Your instructions:
Please transcribe the data below in full. Omit any picture you find in it.

Dataset content:
+--
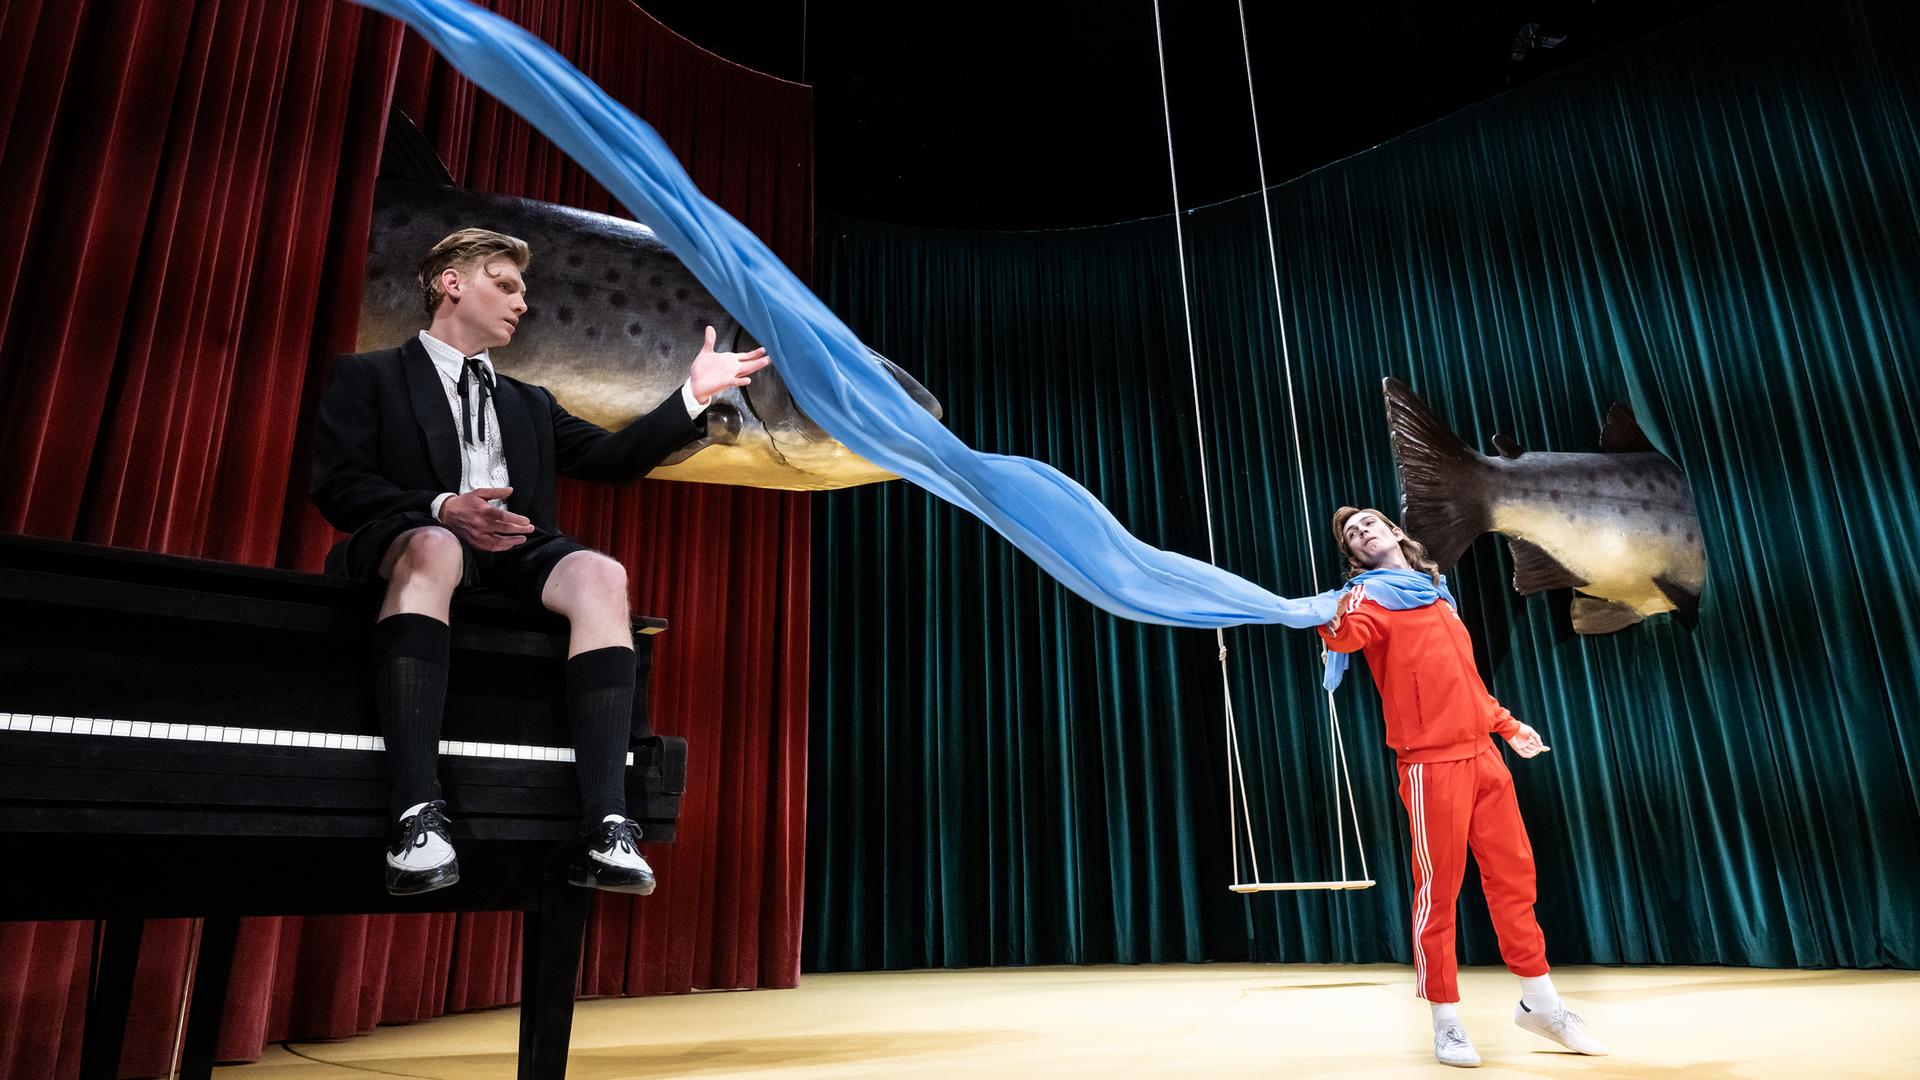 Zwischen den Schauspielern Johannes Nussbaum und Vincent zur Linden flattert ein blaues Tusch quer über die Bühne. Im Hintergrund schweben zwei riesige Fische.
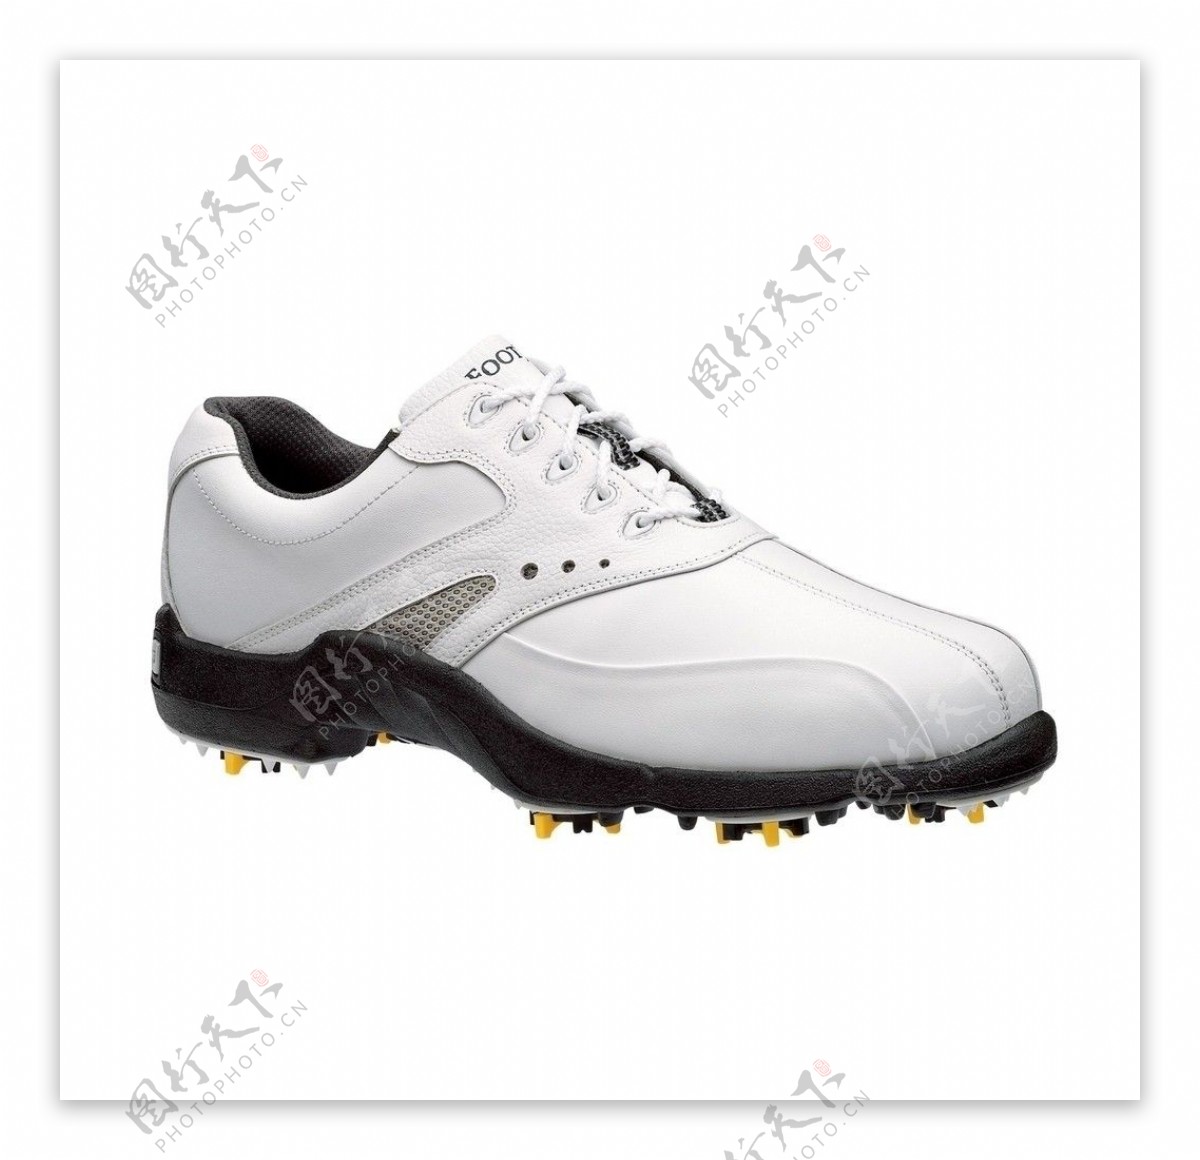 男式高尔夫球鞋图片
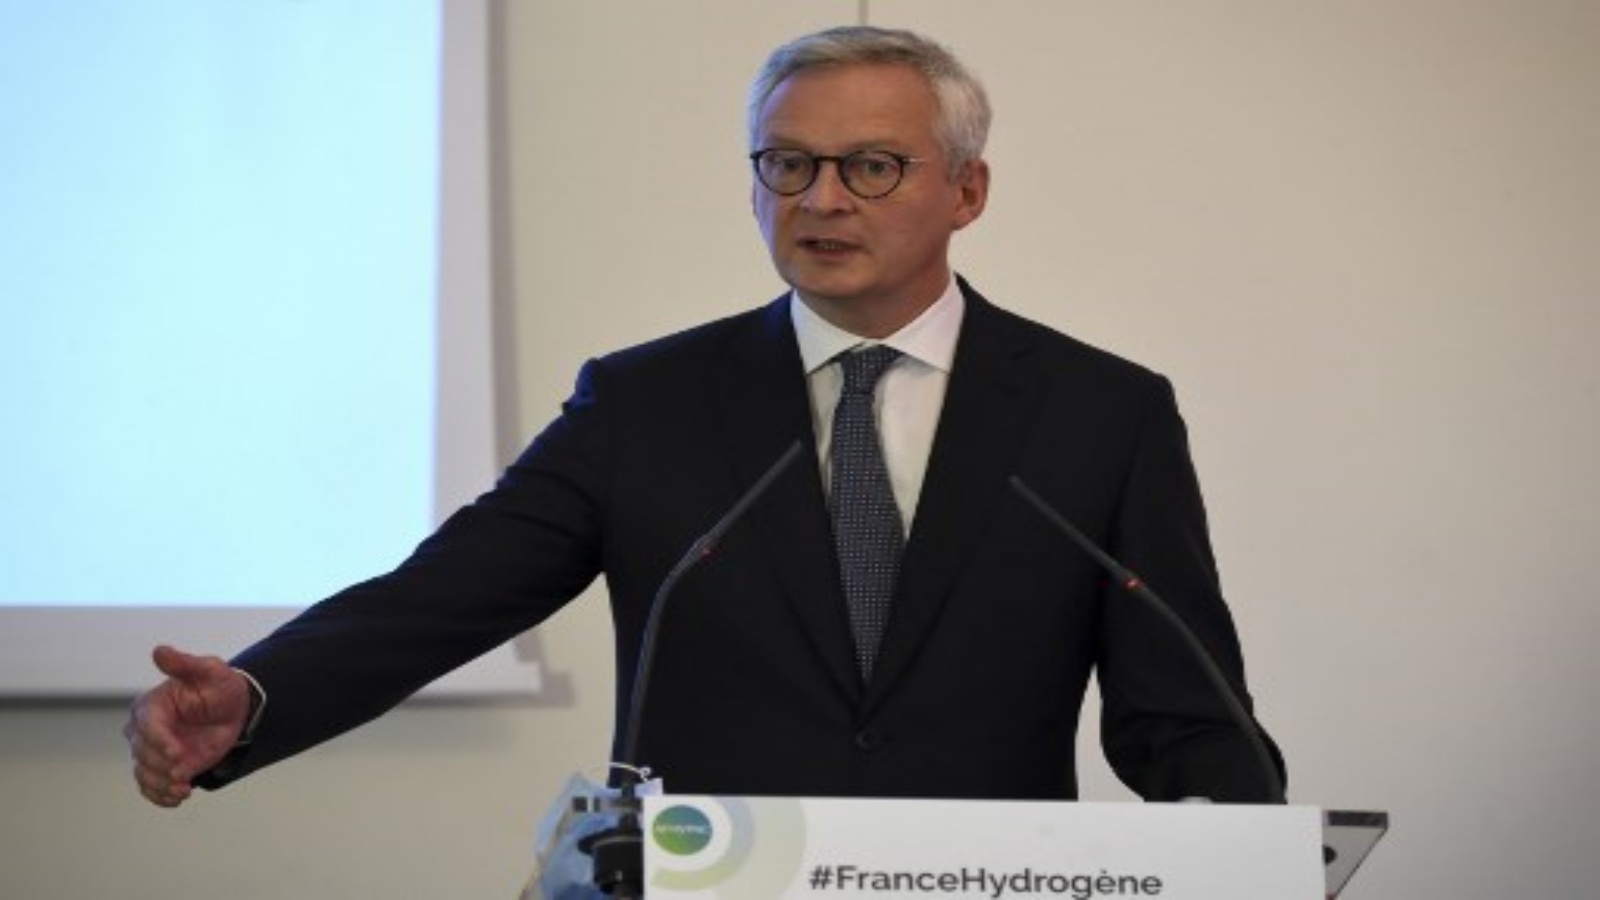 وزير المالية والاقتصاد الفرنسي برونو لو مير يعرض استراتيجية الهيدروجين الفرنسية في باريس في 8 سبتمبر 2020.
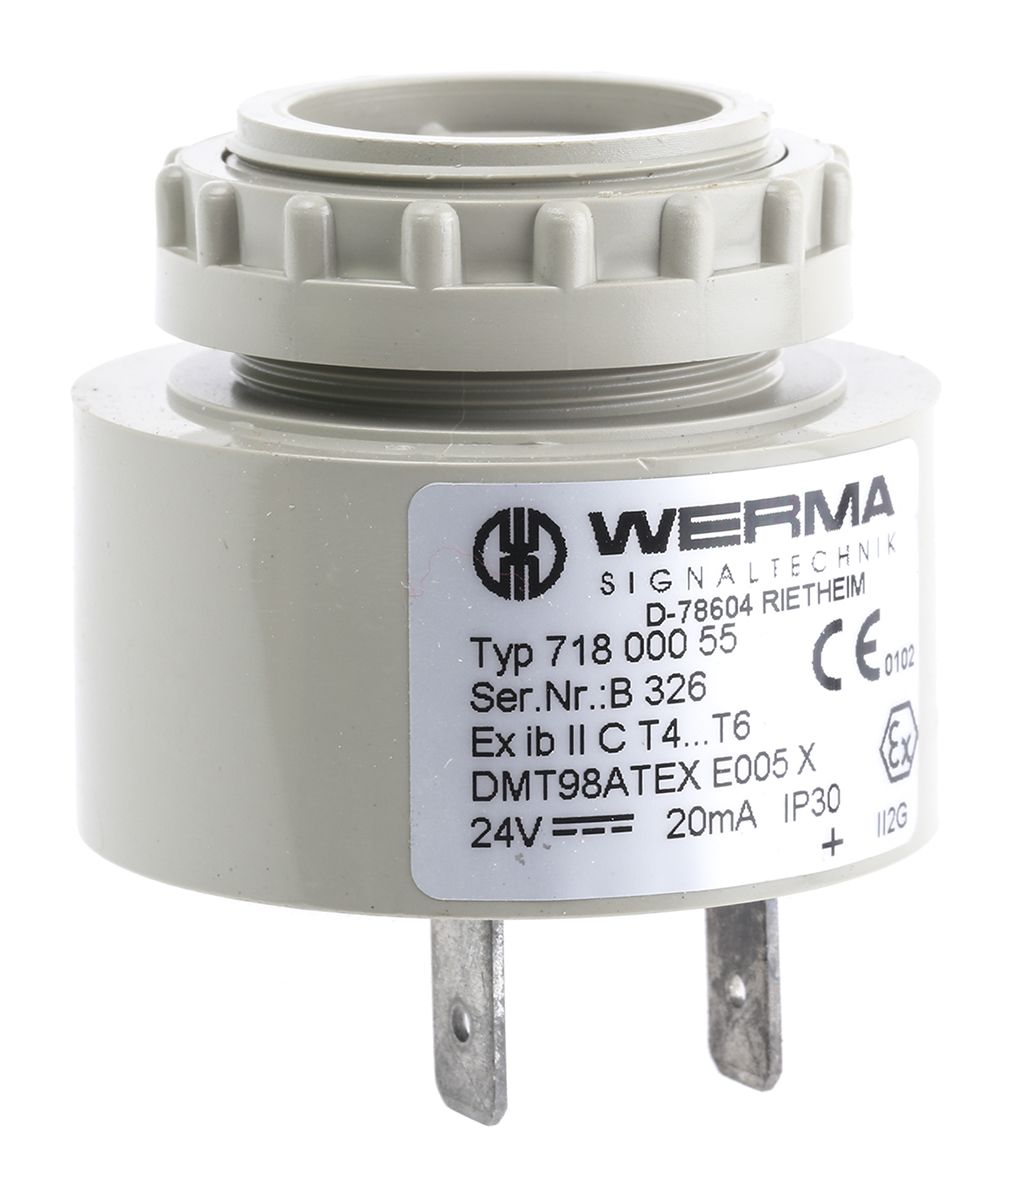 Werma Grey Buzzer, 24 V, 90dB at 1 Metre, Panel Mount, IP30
+--
Solved problem:
 Zwischen den Schauspielern Johannes Nussbaum und Vincent zur Linden flattert ein blaues Tusch quer über die Bühne. Im Hintergrund schweben zwei riesige Fische.
 男式高尔夫球鞋图片
 وزير المالية والاقتصاد الفرنسي برونو لو مير يعرض استراتيجية الهيدروجين الفرنسية في باريس في 8 سبتمبر 2020.
 Werma Grey Buzzer, 24 V, 90dB at 1 Metre, Panel Mount, IP30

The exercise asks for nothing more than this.